FDA schedules adcomms for Entasis' antimicrobial treatment, Intercept's NASH hopeful
The FDA this morning announced two upcoming advisory committee meetings in April and May — with the goal of reviewing two drugs with a lot of history that have gone through multiple setbacks.
According to notices published in the Federal Register, the FDA is convening its Antimicrobial Drugs Advisory Committee on April 17 to discuss Entasis Therapeutics’ NDA for sulbactam-durlobactam for the treatment of Acinetobacter infections.
The biotech, spun out of AstraZeneca’s former antibiotics division in 2015, is gunning for the antibiotic to win approval to treat infections of Acinetobacter baumannii-calcoaceticus complex, including multidrug-resistant and carbapenem-resistant strains. Entasis’ NDA was accepted back in November and granted priority review, with a PDUFA date of May 29.
The drug is part of a deal with Zai Lab, a Shanghai-based biotech with an exclusive development and commercialization license in more than a dozen countries in the Asia-Pacific region, including China, Korea, Japan, the Philippines and New Zealand.
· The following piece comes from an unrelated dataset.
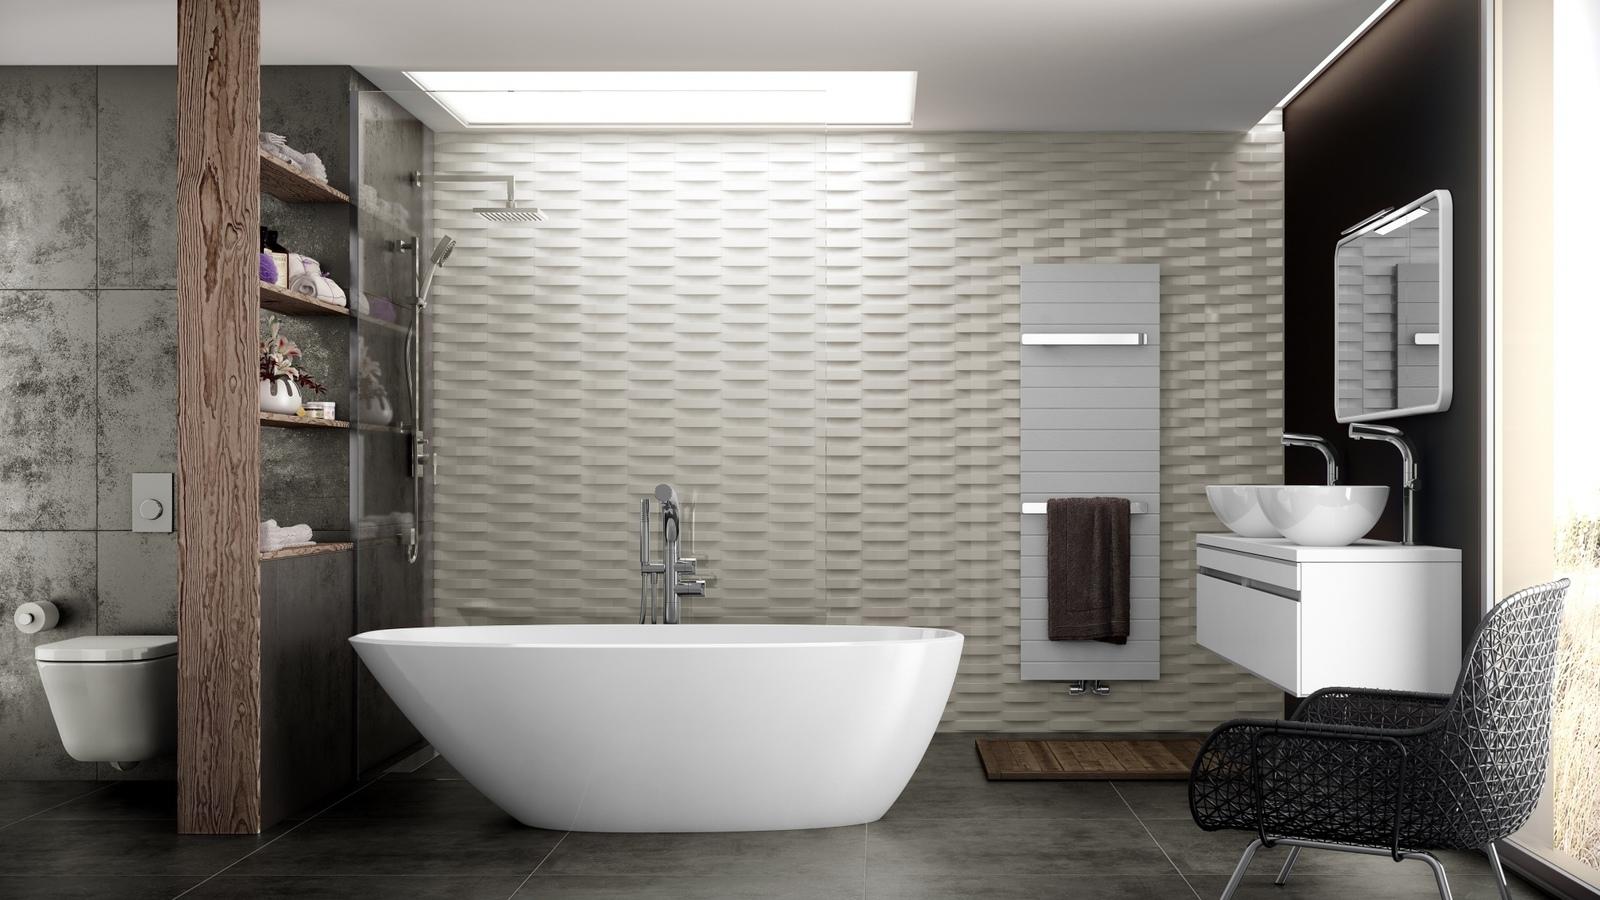 Встроенное освещение в ванной
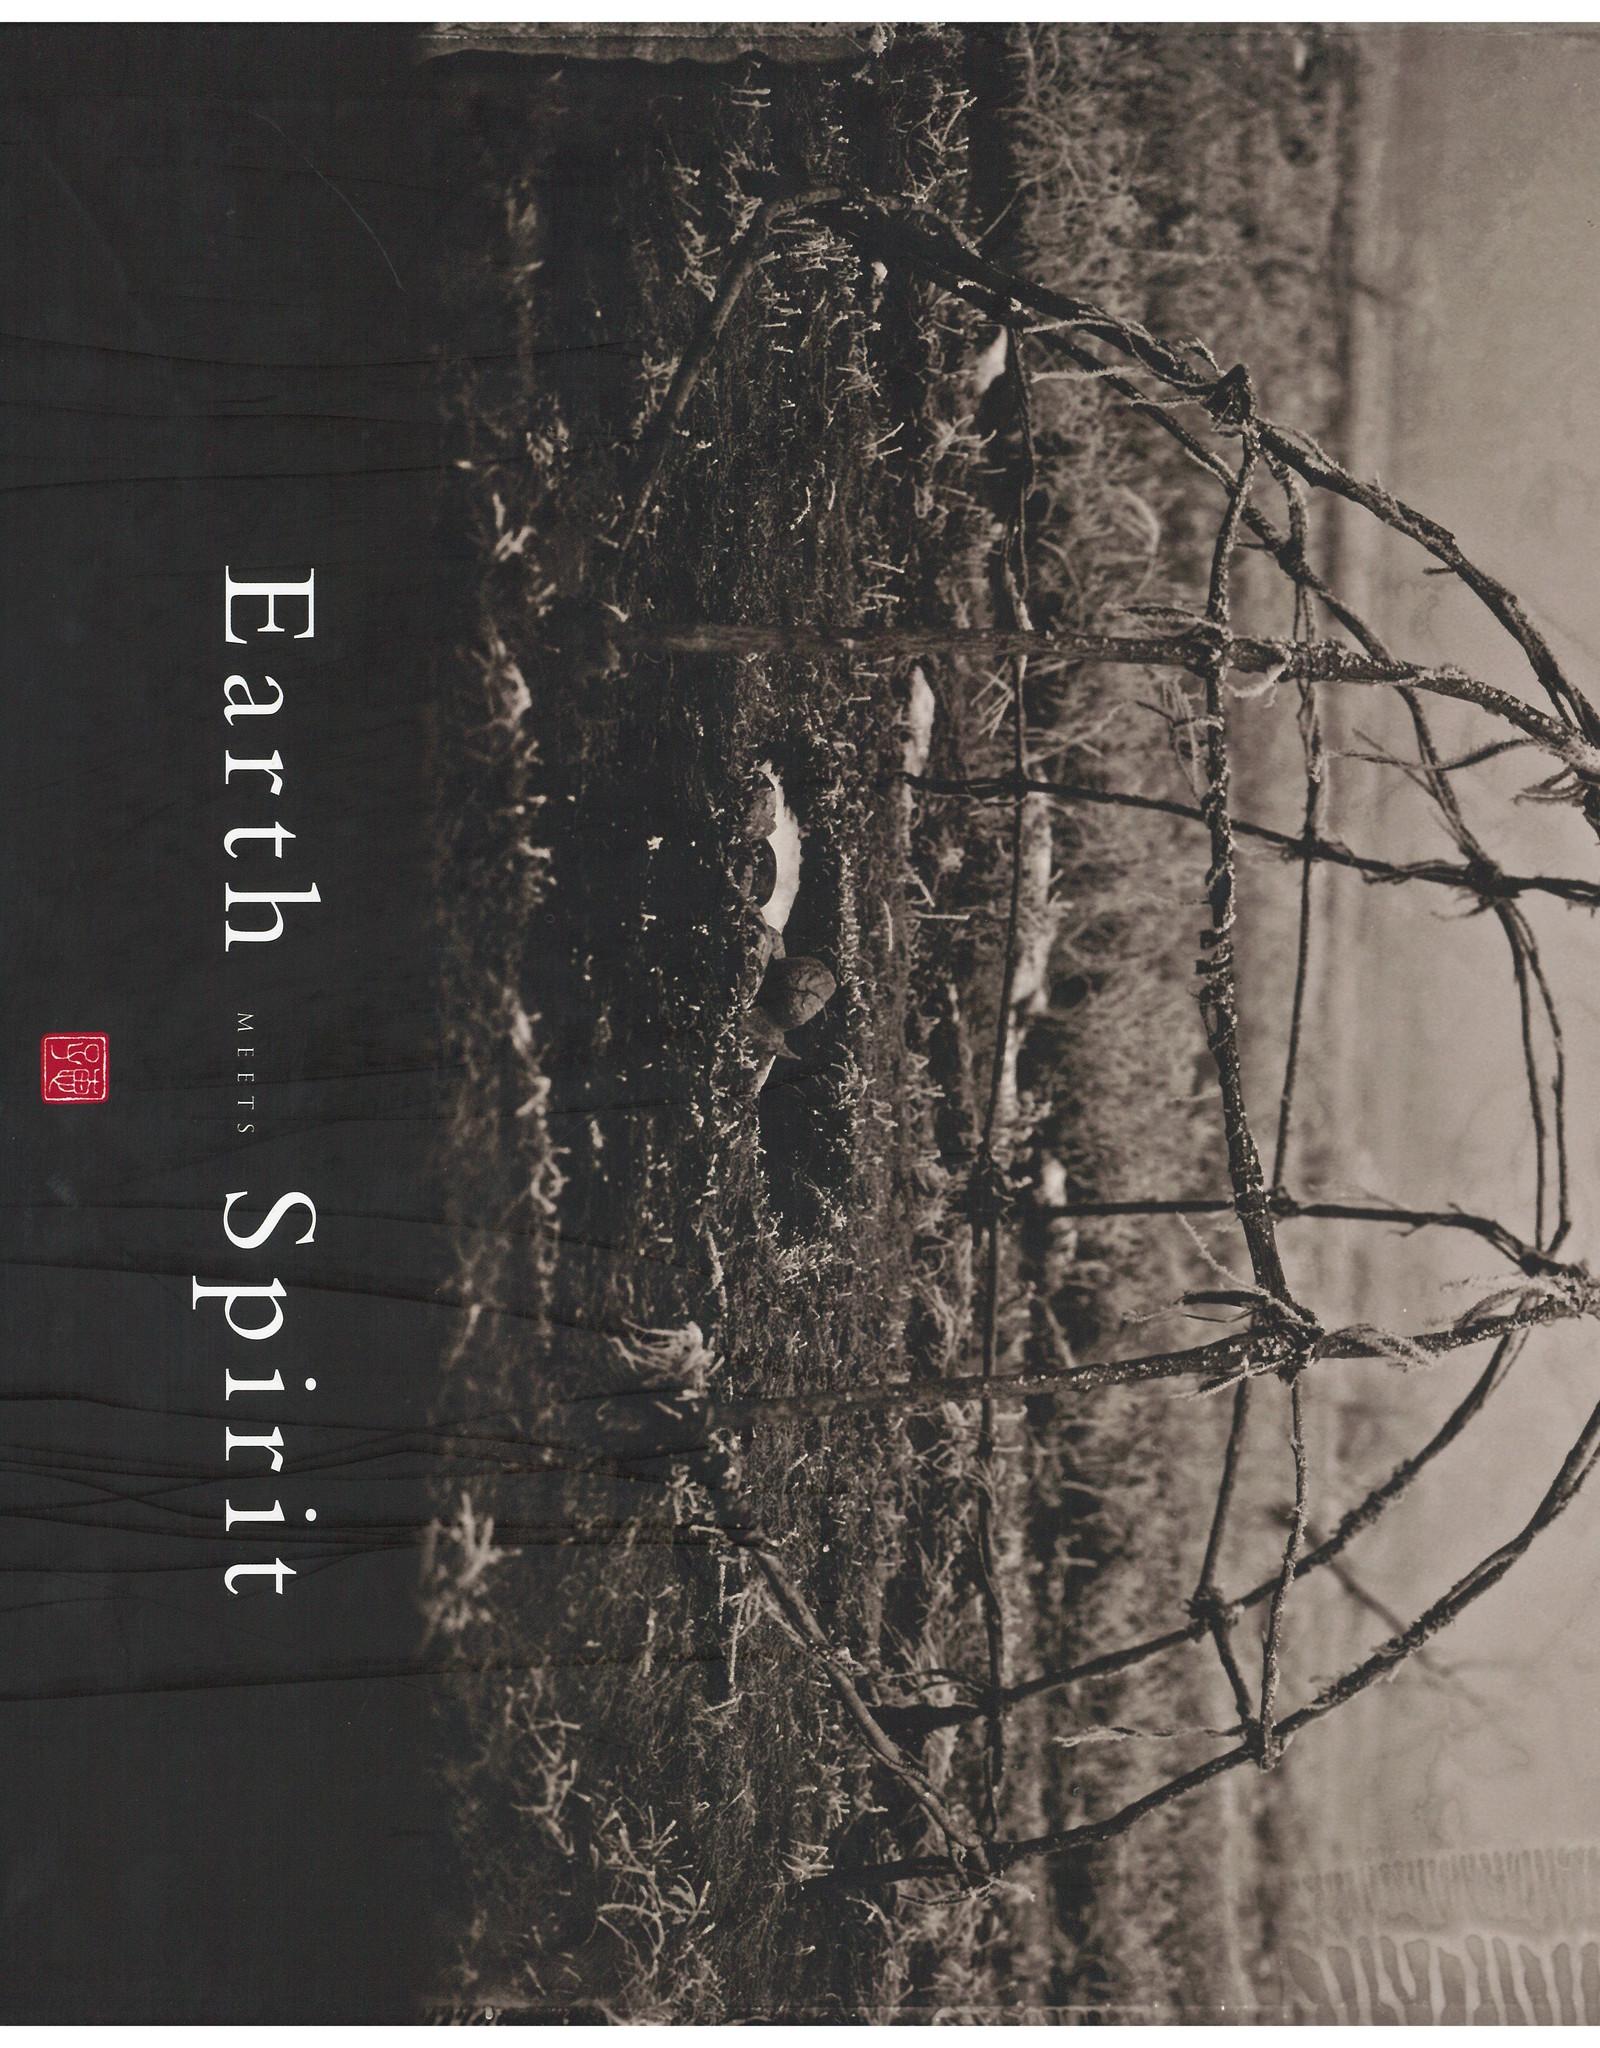 Earth Meets Spirit / Douglas Beasley

The biotech was once public on Nasdaq before being picked up last year by backer Innoviva, which bought out all the biotech’s shares at $2.20 apiece — taking the company private back in May.
Innoviva already owned 60% of the company at the time of the deal.
The other adcomm, scheduled for May 19, is gathering the FDA’s Gastrointestinal Drugs Advisory Committee to review Intercept Pharmaceuticals’ obeticholic acid to treat nonalcoholic steatohepatitis (NASH).
Intercept has had a rough history pushing this liver drug to market. Intercept’s NDA, which was given an action date of June 22, is the second attempt bringing this drug past regulators.
The FDA previously rejected obeticholic acid in 2020 after the agency became uncertain — per Intercept at the time — if the surrogate endpoint, reduction in liver fibrosis, from a Phase III trial would translate into clinical benefit.
The drug developer, after reporting a Phase III fail back in September 2022, highlighted interim analyses from a pivotal Phase III study, including one where patients on 25 mg of the drug saw “double the response rate of placebo in reduction in liver fibrosis stage without worsening of any of the three histologic components of NASH,” the biotech said back in January, calling the endpoint in line with FDA guidance.
Intercept CEO Jerry Durso said in a statement Friday, “We look forward to the opportunity to discuss with the Advisory Committee our clinical trial data.”